By Julie Thompson
“I built a noble greenhouse, and filled it with beautiful plants. I placed in it a vase, considered as the finest remains of Grecian art extant for size and beauty.”
These words were said by George Greville, Earl of Warwick when he unveiled the so-called Warwick Vase, of which a bronze copy is part of The Johnston Collection.
The story began as fragments of an ancient roman marble vase with Bacchi ornament found at Hadrian’s Villa, Tivoli about 1771 by Gavin Hamilton, a Scottish painter-antiquarian and art dealer. Its story ends in the grounds of the Burrell Collection near Glasgow in Scotland.
During the 18th century, the Grand Tour became the necessary complement to a refined education of the younger members of English society. As a result, a regular trade and supply for antiques grew rapidly. Hamilton’s business was to sell busts and statues so, having gained permission from the owner, Hamilton’s excavation of the lake and swamp at Hadrian’s Villa found 45 marbles and a vast quantity of fragments. Accounts differ as to the state of the vase when discovered at this excavation, but it is agreed that the vase was missing both the foot and the base and at least one head was missing. The cost of restoring it was beyond Hamilton, so he sold the fragments to Sir William Hamilton, British envoy at the court of Naples. Sir William was renowned as one of the foremost collectors of the time, having already begun his famous museum of vases, terracotta, bronzes, ivories, gems, coins etc., known as the ‘Etruscan Vases”.
Sir William immediately took on the restoration of the vase, first having had a large piece of marble cut at Carrara to repair some of the damage. Giovanni Battista Piranesi had made preliminary sketches and etchings of the fully restored piece. A Piranesi etching of The Baths of Caracella (A0163- 1989) is part of The Johnston Collection.
“Keep it, I cannot, as I shall never have a house big enough for it.”
Hamilton first offered the restored vase to the British Museum who rejected his offer so he sold it to his nephew, George Greville, 2nd Earl of Warwick who was renovating Warwick Castle, with no expense spared. The vase was placed on the lawn in front of the Castle before the greenhouse was built to protect what is generally considered a largely 18th century work with “a few ancient portions inserted here and there”
Widely admired for its rich ornament and form, many copies were made. Pottery, porcelain, marble, Sheffield plate, bronze and silver were all used to replicate the vase. Two full size bronze copies were made and one can be seen at Windsor Castle growing flowering plants. The other one is at Cambridge University. The Norman Brookes Challenge Cup which is presented to the winner of the Australian Open tennis tournament is modelled in silver and based on the Warwick Vase. The miniature version (A0657-1989) in The Johnston Collection is made from bronze.
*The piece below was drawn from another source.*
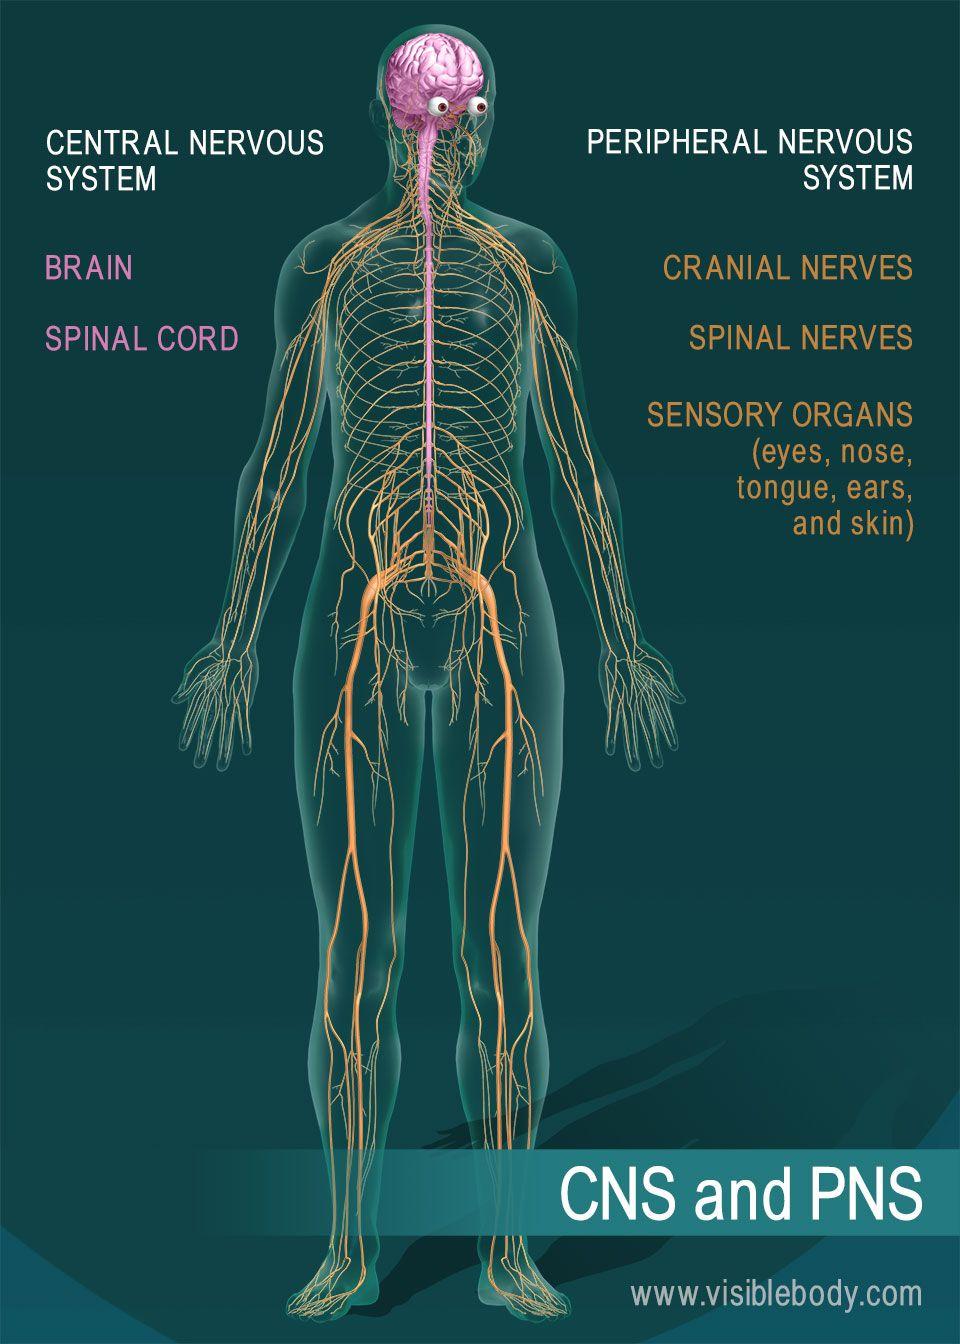 Nervous System Overview Central Nervous System Nervous System Nervous System Diagram

In 1978, the vase was sold to Metropolitan Museum of Art in New York. However, it was declared an object of national importance and an export license was delayed. It was not considered of sufficient archaeological value for the British Museum, so ended up at the Burrell Collection, Glasgow where it now can be seen in a courtyard setting.
Sir William Burrell (1861–1958) was a Scottish shipping merchant and philanthropist. After his father’s death, he and his brothers developed the technique of ordering modern, advanced ships at rock bottom prices when the market was in a slump. When the market recovered, they sold them at a large profit. This enabled him to become enormously wealthy, allowing him to concentrate on collecting art and antiques for which he had an eye for detail and an astute eye for opportunities. He loved a bargain. In 1927 he was knighted for his services to art, and in 1944 he donated 8,000 items to his hometown of Glasgow, with private funding for a new museum. Just as William Johnston had stipulations on how his collection was to be viewed, Sir William wanted a rural setting, away from the pollution of Glasgow as he was concerned about the carpets and tapestries. Sir William died in 1958, aged 96. It took the council until 1983 to acquire a suitable site, Pollock Country Park. A custom-built museum, the Burrell Collection was finally opened in 1983. At present, the Collection is closed for refurbishment and is due to reopen in the spring of 2021.